Еще я послушник. Из мираМне скоро, скоро уходить.Уже не радует порфираВесенних снов…..Хочу любить…..
Да, любить и любить всех как-то, неведомо мне еще как, полюбить всех. И еще роднее, еще ближе становились от этого все тихие, простые лица крестьян кругом, побледневшие и похудевшие в остроге и далекие милые друзья и братья и сестры, которые ждут меня в Петербурге и любят, теперь уж я знаю, что любят меня, и сестра Маша больше всех. Так приближалась незаметно настоящая жизнь.
4
А в Петербурге первой, о ком услышал, была опять сестра Маша, и в то же утро я уже шел с нею рядом по светлым, весенним улицам Петербурга. Она тоже только что вернулась из деревни и была, как и я, преисполнена всем, что видела, слышала там, и весной, которая окружала нас здесь. О смерти своей уже не заикалась в эту встречу со мной. Но какими же словами рассказать мне теперь о ней и о том, как виделись. Не чувствовал ног под собой и земли, когда шел с ней возле, каждым дыханием своим готов был предупредить малейшую мысль ее и малейшее движение и в то же время был свободен, заслужил радость быть с ней и видеть ее, и это знала и чувствовала она, и я видел, что это она знает и видит во мне. Как встретился, так готов был и каждую минуту расстаться с ней, ничего не искал себе от нее, — не себе уж служили мы, а Кому-то Другому, хотя и не знал я Его….. Был, как и она, уже думал я, и был такой гордый, счастливый.
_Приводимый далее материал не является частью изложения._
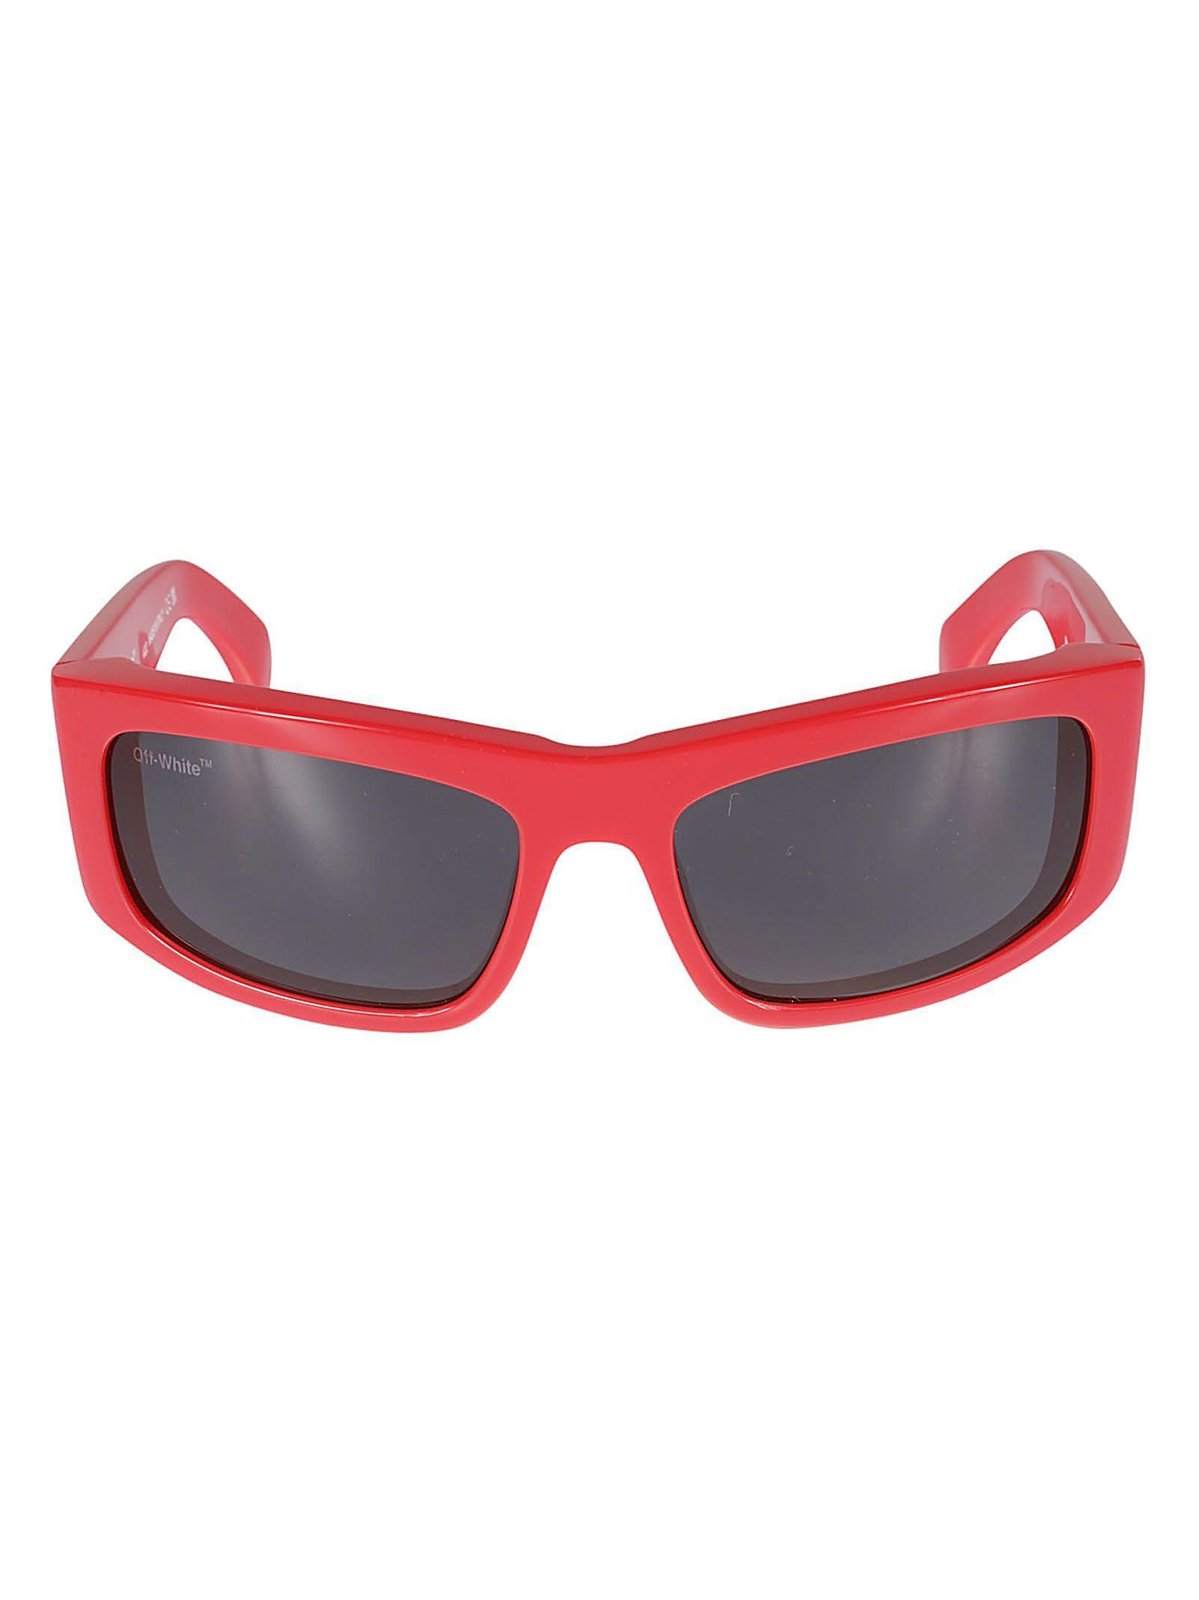 Off-White Joseph Rectangular Frame Sunglasses

Но очнуться и оглянуться на себя было уже некогда. Кругом опять сходки, митинги, газеты, первая дума, крестьянский союз, трудовая группа….. Попал даже на один тайный революционный съезд в Гельсингфорсе[9]. Мысль была одна: работать как серый рядовой работник в рядах партии за народ. Тлело под этим беспокойное, тайное сомнение, вынесенное из острога, что тут что-то еще не совсем то, что было нужно, иногда даже казалось, что я даже что-то больше знаю, чем другие и чем вожди, но эта мысль казалась гордой, тщеславной, а главное было страшно сомневаться, боялся копаться в себе, чтобы не лишиться того счастья, которое уже было со мной, которого уже достиг. А оно было в сестре Маше, было в том, что я был с ней и считал себя заслуживавшим это. Не сознавался себе в этом, но это было все-таки так. Так страшно враг подменивал и тут истину, которой мы оба искали, ложью, и претворялся перед нами в Ангела светла — в ту мою, казавшуюся и мне и сестре Маше чистой, — любовь к ней, но любовь, в которую вкралась уже гордыня. А время летело, и не было дня, чтобы мы не виделись. Деньги стали общими. В мгновенных встречах на улицах, среди всех дел, среди суеты, успевали мы, как мне казалось, все сказать друг другу, ободрить и проверить себя. Иногда целые ночи напролет бродили взад и вперед по улицам и все говорили друг с другом. Раз, помню, я рассказывал ей что-то о себе, о Старом Осколе, и вдруг увидел у ней на глазах слезы, она сияла радостью, смущенно, скромно, с любовью ко мне.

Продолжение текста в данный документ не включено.